Le pompier détaille scrupuleusement sa carte d'identité.

Le pompier
Paule. Paule Zachmann.

Paule
Oui, avec un Z.

Le pompier
Et vous habitez toujours à cette adresse ?

Paule
Oui. Je suis mariée et j'ai une fille de quinze ans. Je peux y aller s'il vous plaît. Je vous assure que ça va. J'ai dû faire un peu d'hypoglycémie, c'est tout.


Le pompier
(Imperturbable)
Ce n'est pas la question.

Elle enlève la veste du pompier.
Il la prend et l'enfile.
Paule fouille dans son sac et en ressort une photo de petit format un peu écornée.

Paule
Tenez, c'est lui, c'est Alex.

Le pompier regarde la photo et fait signe que non, désolé, mais non, il ne voit vraiment pas.
Il lui signifie de rester là, il revient de suite.
Paule reste seule sur le quai, sa photo à la main.
La photo tombe à terre sans qu'elle paraisse s'en apercevoir.
5. SALLE DE BAIN. INT-JOUR
Un écran flou où l'on devine plus qu'on ne voit des fragments de visage de femme, sous un flot de lumière blanche, neigeuse.
Des yeux, une bouche, des mèches de cheveux.

Paule
(Voix off)
Je m'appelle Paule, Paule Zachmann, et je suis professeur de philosophie.
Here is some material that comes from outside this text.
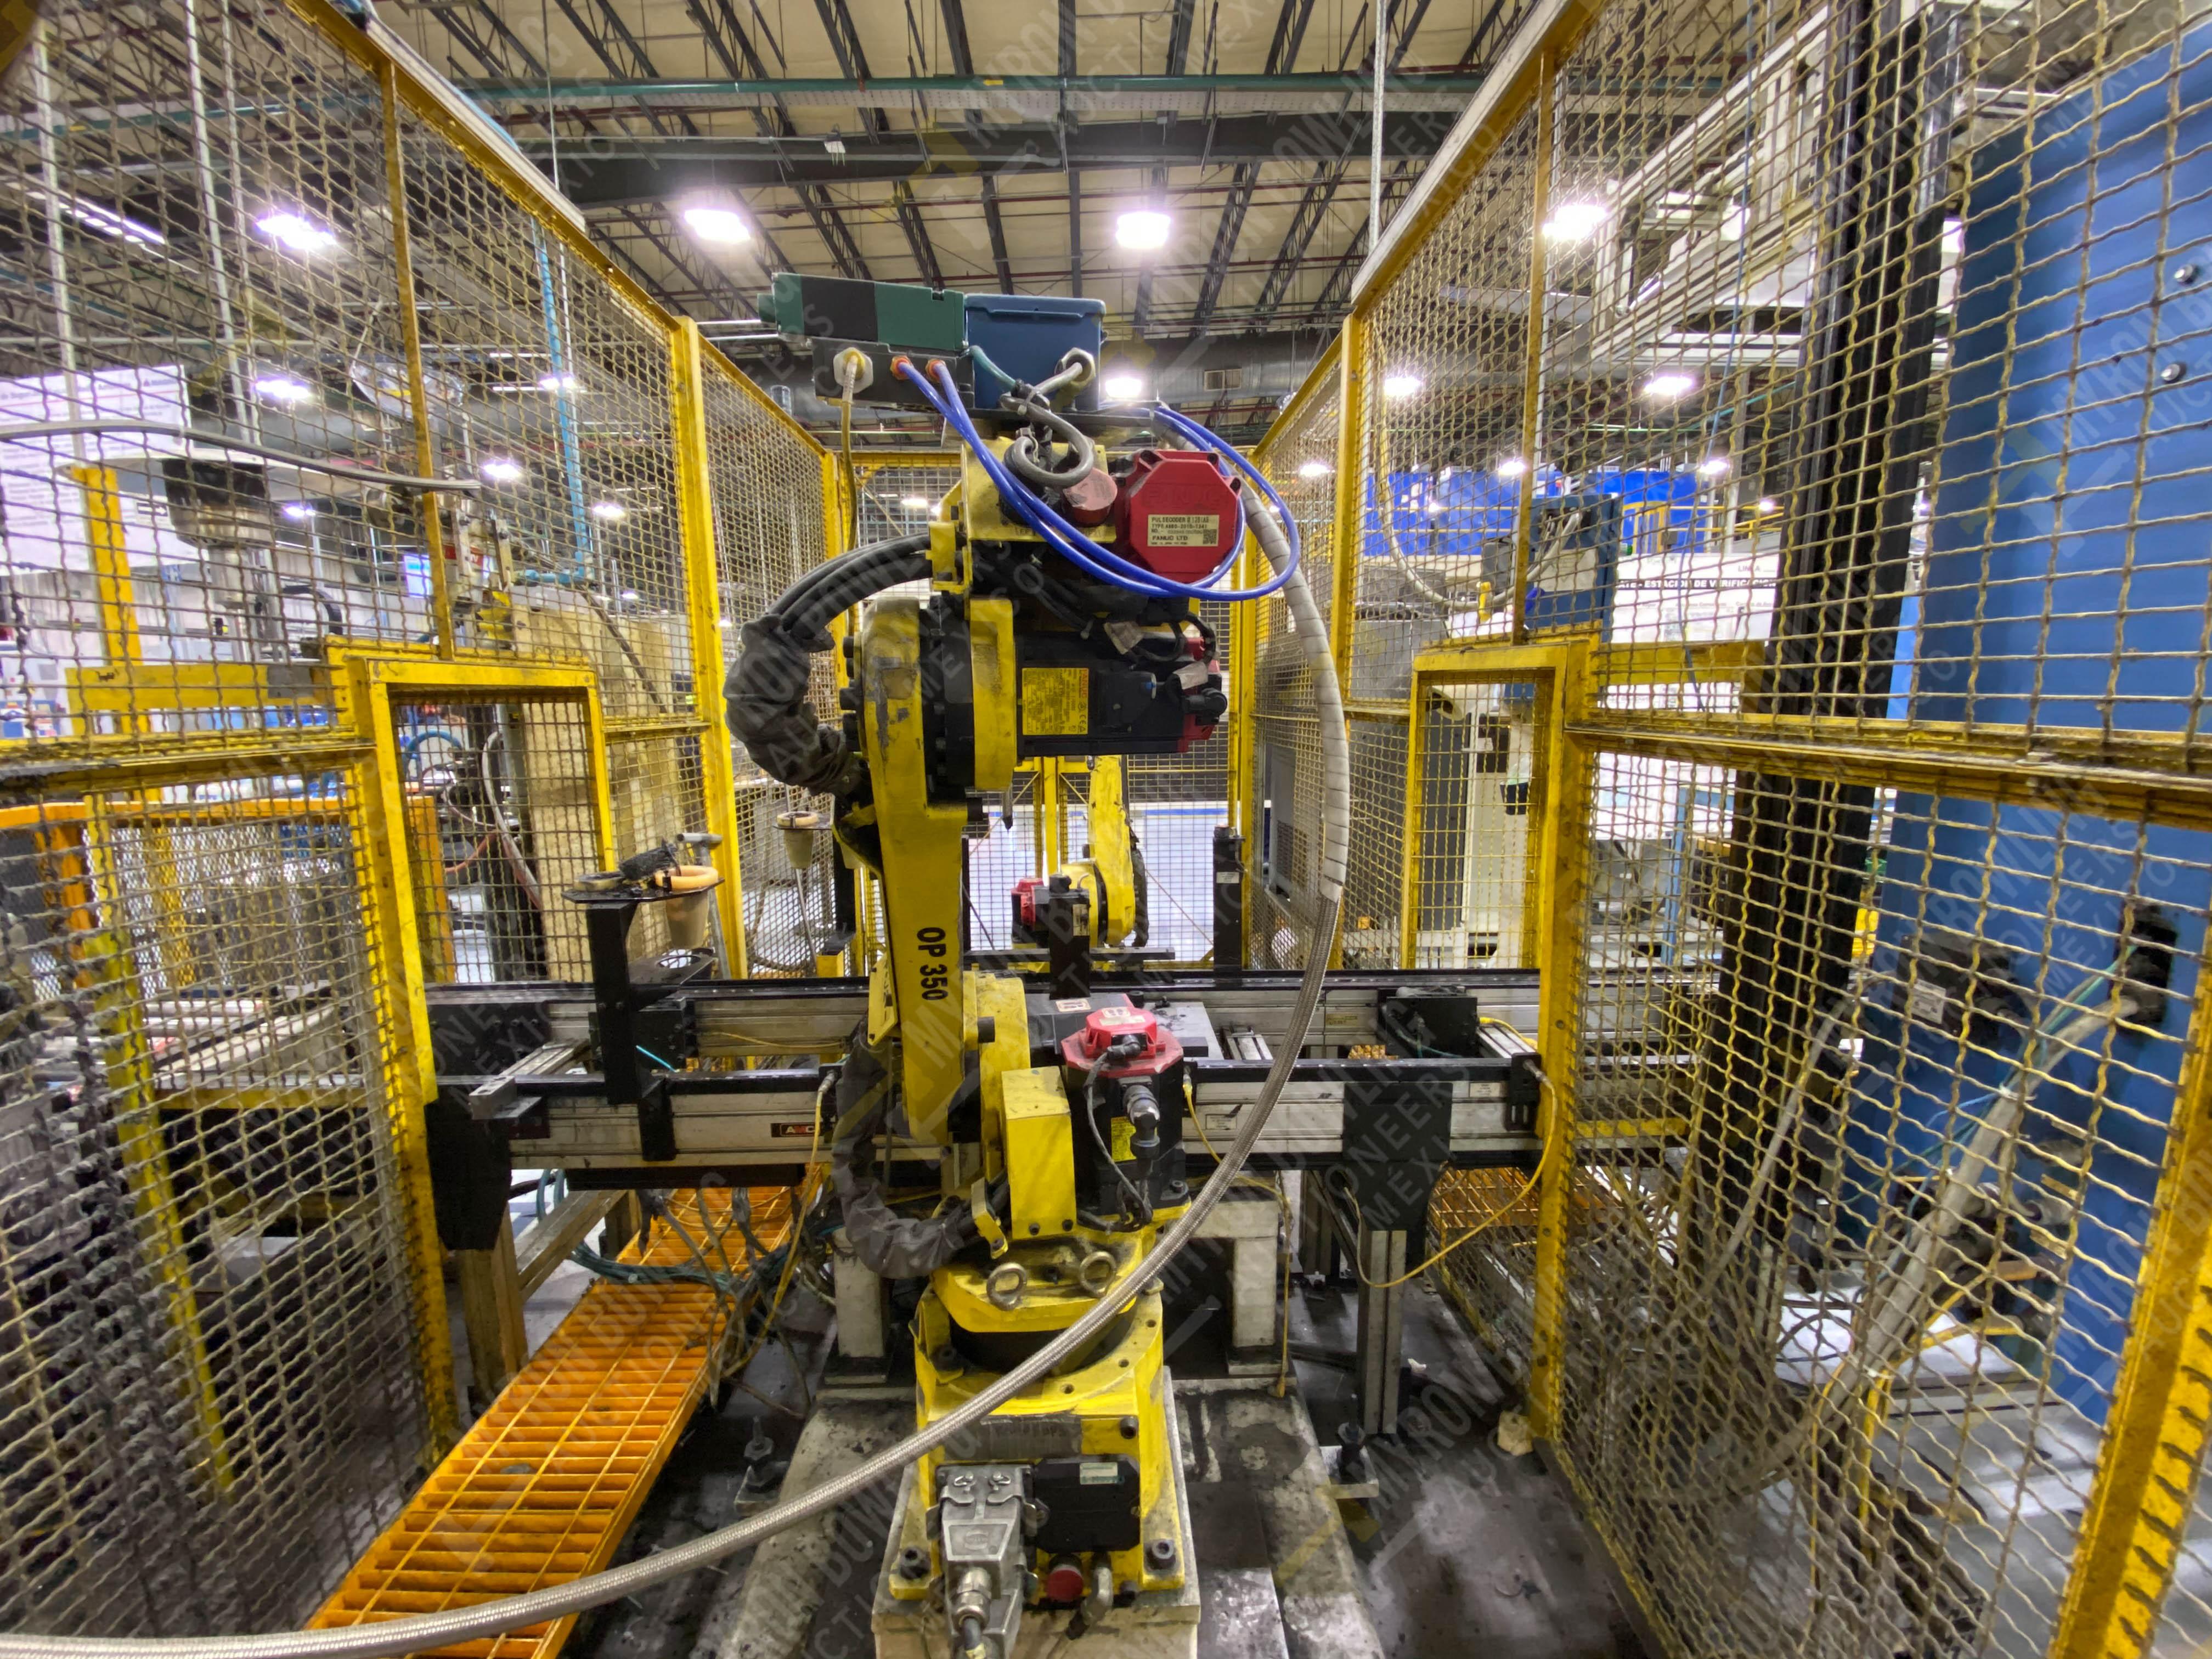 Robot marca Fanuc con capacidad de carga de 15-30 Kg, controlador de robot y teach pendant - Image 4 of 14

Pour être plus exacte, je suis spécialiste de ce mouvement de pensée, fin XVIIIème, qu'on appelle si joliment « Les Lumières ». J'aime les Lumières et pourtant je n'ai jamais vu très clair. À douze ans, je portais déjà des lunettes affreuses, avec des verres très épais. En 5 ème , nous avons disséqué une grenouille et un crétin a fait une blague sur Paule la grenouille. Alors j'ai décidé que plus personne ne me verrait comme ça. Le matin, je me lève toujours la première et je mets tout de suite mes lentilles de contact. Et le soir, je me couche la dernière. Jamais un homme ne m'a vue avec mes lunettes.
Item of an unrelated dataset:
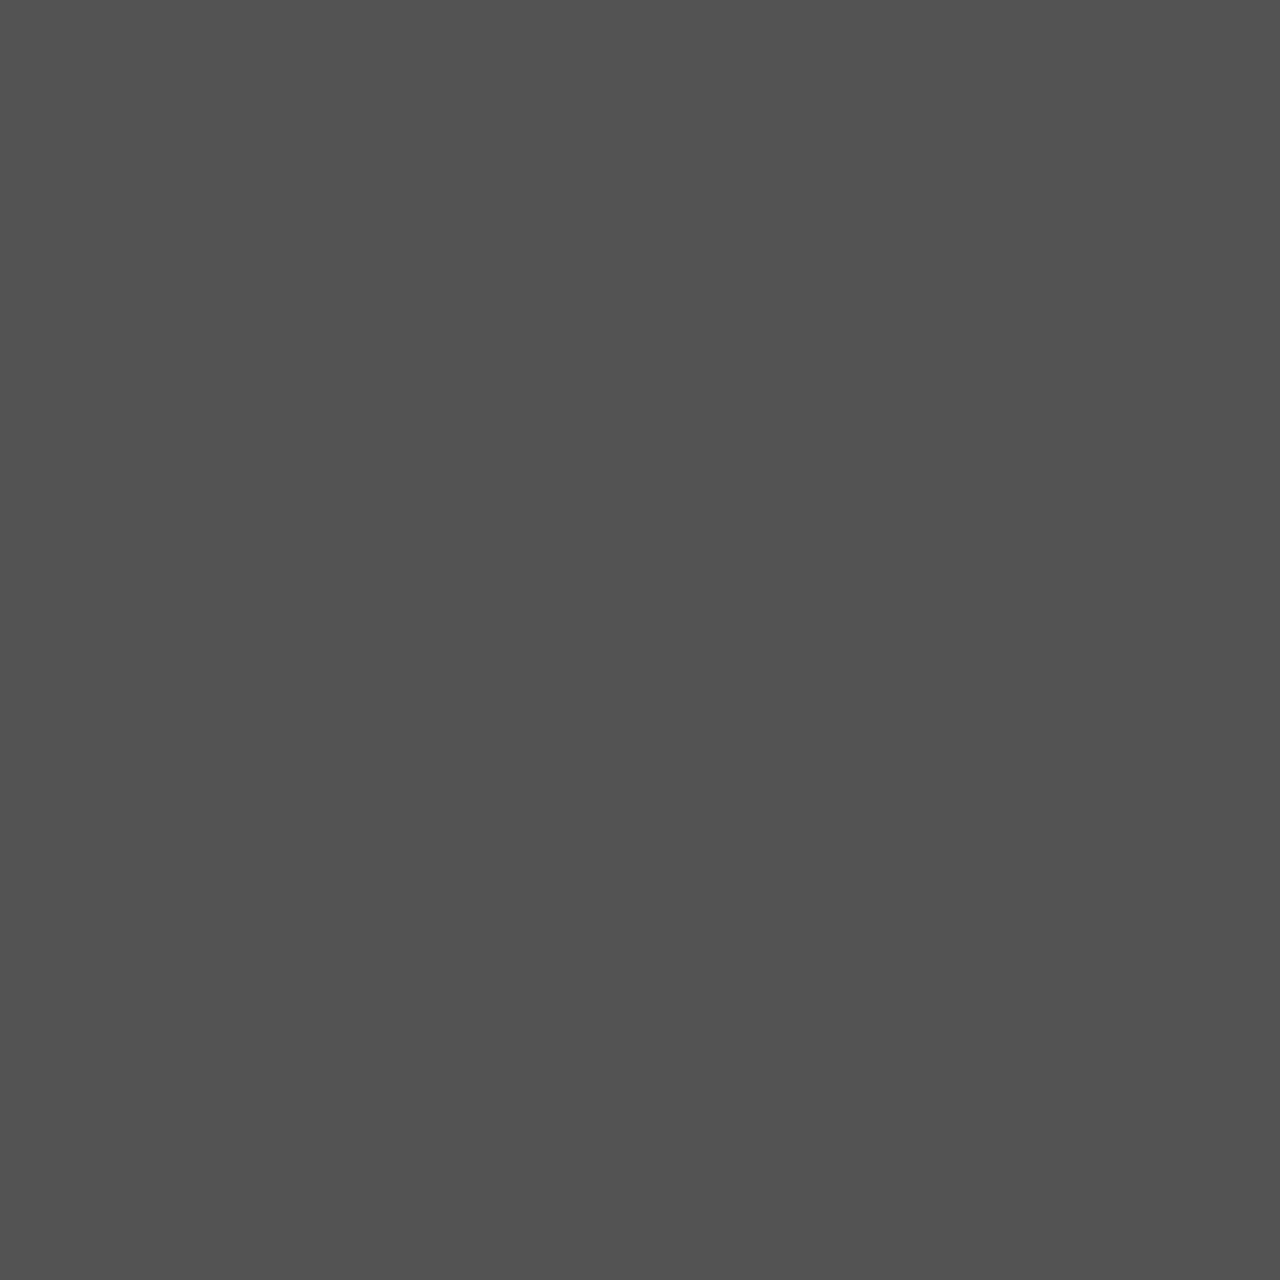 T70.0.0 Slate Grey

L'image redevient nette. On voit le visage de Paule, son regard derrière une grosse paire de lunettes. Elle est face à un miroir de la salle de bain, épaules nues, et se regarde fixement.

Un homme
(Off)
Paule ?

Paule enlève ses lunettes précipitamment.
6. STATION MÉTRO. INT-NUIT
Paule se lève de son banc, elle vient de remarquer la photo tombée à terre. Quelqu'un marche dessus en passant.
Paule se jette sur la photo pour la récupérer.
La photo est abîmée, comme une photo qu'on a beaucoup manipulée. On y voit le visage d'un homme encore jeune, très brun, au visage ouvert et souriant.

Paule
(Elle appelle, en off)
Alex…
7. CHAMBRE D'UNE MAISON DE CAMPAGNE. INT-JOUR
Un homme au corps élancé – l'homme de la photo – se rhabille à la hâte dans une chambre aux fenêtres ouvertes sur un paysage verdoyant et ensoleillé.

Paule
(Elle répète, toujours en off)
Alex !

Elle est encore pelotonnée dans le lit. Manifestement, ils viennent de faire l'amour.

Paule
(Qui sourit)
C'est quoi ce short ?

Alex
Mon short de tennis. Il me va pas ?

Paule
Viens te rallonger un peu… Tu ne vas pas faire un tennis maintenant.

Alex
J'ai promis au voisin.

Il se penche et l'embrasse.



Paule
Celui que tu trouves si bourge, si coincé, et dont tu ne supportes pas qu'il dise « tu vois ce que je veux dire » toutes les deux secondes ?

Alex
En fait, il est plutôt moins con que ce que je pensais. Et puis ça fait toujours du bien de faire un peu de sport.
(Un temps)
Tu vois ce que je veux dire ? !

Paule lui balance son oreiller.
8. SENTIER À TRAVERS CHAMPS. EXT-FIN D'APRÈS-MIDI
Un groupe de personnes marche le long d'un sentier à travers champs, sous la lumière chaude et brillante d'un après-midi de juin. Ils sont tous chargés de sacs et de paniers.
On reconnaît Alex dans son short de tennis, et Paule, en robe légère.
Devant eux, Fanny et Gilles, les parents, encore très alertes, de Paule.
Plus loin derrière, Rachel, la jeune sœur de Paule.
Et puis, fermant la marche, Nina, tout juste quinze ans, qui tient deux garçons jumeaux de cinq ou six ans par la main, un jumeau de chaque côté, et les aide dans les passages plus étroits ou difficiles du chemin.